There's a case to argue that most of Norways oil money hasn't been spent, it sits in their sovereign fund. What it has enabled is low state debt, employment opportunities etc.. then the tax revenue from those is what greases the wheels of the economy. They also didn't sell or privatise state oil industry(statoil, now Equinor ASA). Yeah, there is nothing to suggest in uk mentality that Scotland would have taken a similar route. Norway has an iraq oil engineer migrant with both hindsight and foresight, plus a massive dose of chance to thank for it's current position. 

Post edited at 10:37
 Offwidth 16 Feb 2022
In reply to 65:

A good and refreshing series of posts...

....just thought it needed saying.

 AndyC 16 Feb 2022
In reply to ExiledScot:

> There's a case to argue that most of Norways oil money hasn't been spent

I can vouch for that. Around the third most expensive country in the world in terms of cost of living. I pay income tax at 47%, VAT at 25%, also taxes on assets and savings. You pay to access the health service (unless you are on benefits).
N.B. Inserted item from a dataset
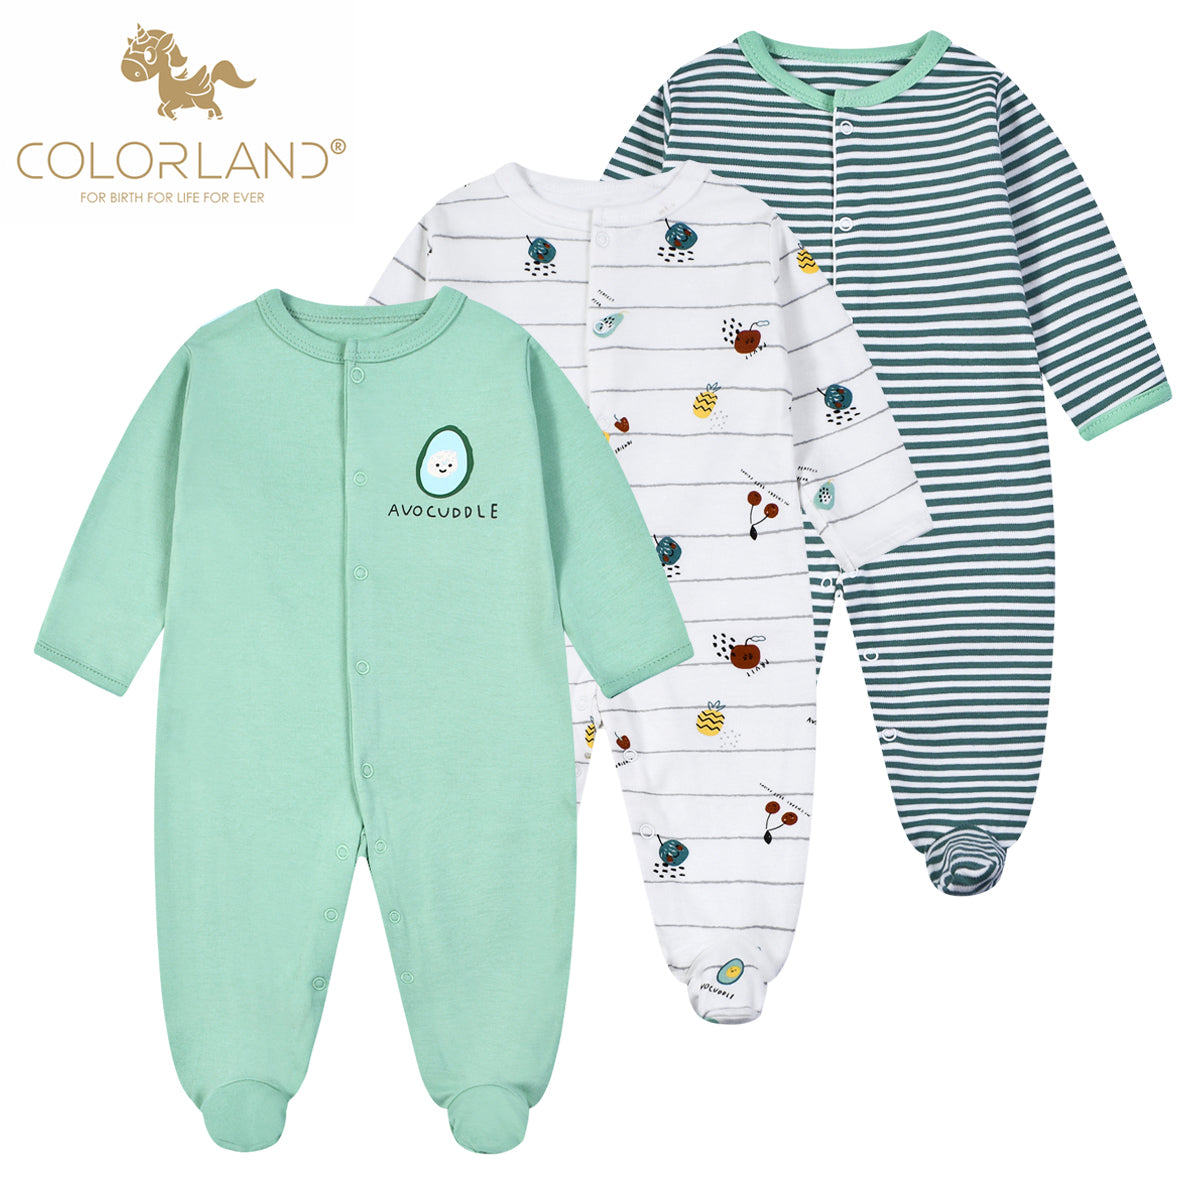 Colorland 3-pack Dylan Boys Long Sleeve Baby Rompers

(I had to laugh when I broke my arm - queued up for an X-ray and they asked "do you want to pay now or should we send you an invoice?" Trying to extract a credit card one-handed was challenging!) 

 jimtitt 16 Feb 2022
In reply to AndyC:

Yep, not sure the Norwiegen economic model is something to offer to the average Scot, £9 for a beer might be a bit of a hard sell! Down here in Bavaria local brewed at €0,75c per litre seems okay though.

 Mark Bannan 16 Feb 2022
In reply to The Lemming:

> ...Will there come a situation, like in the days of the Poll Tax, where people simply refuse to pay and show their anger through Civil Unrest?...

That wouldn't surprise me. Definitely, the price of eggs is going to rise!

 65 16 Feb 2022
In reply to AndyC:

I’ve never been to Norway but a couple of friends lived there. All these figures like the price of beer, tax rates etc are all well and alarming but what is the lower to average income wage like and how does it relate to the cost of living? Paying a pension, running a car, heating, food, that kind of thing.

And how does the general infrastructure of the country function compared to say, the UK? 
Or Germany for that matter.

Post edited at 17:31
 elsewhere 16 Feb 2022
In reply to 65:

Somebody living in Norway told me it was better for people on lower/average wages as that is more of a good enough wage than a poverty wage.

 AndyC 16 Feb 2022
In reply to 65:

If you believe the figures then someone at the lower end of the scale is probably earning the equivalent of £30,000 per year - which would be barely enough to exist on. But childcare is something they have got right so most families are able to earn dual incomes which makes life bearable. On the whole, the average standard of living is probably slightly better than the UK. 

Property around Oslo is massively expensive, further out it gets cheaper but it's all relative. There is a lot of inherited money being passed around, but I think many people are maxed out on credit.

Due to taxes, car prices are astronomical compared to the UK although people seem to be able to afford them (or at least the monthly payments). Electric cars were heavily subsidised hence every other car around here is a Tesla. There are toll roads everywhere - another tax! 

Public transport is fairly good around the cities and the trains run well most of time. But we have our share of signal failures and staff shortages.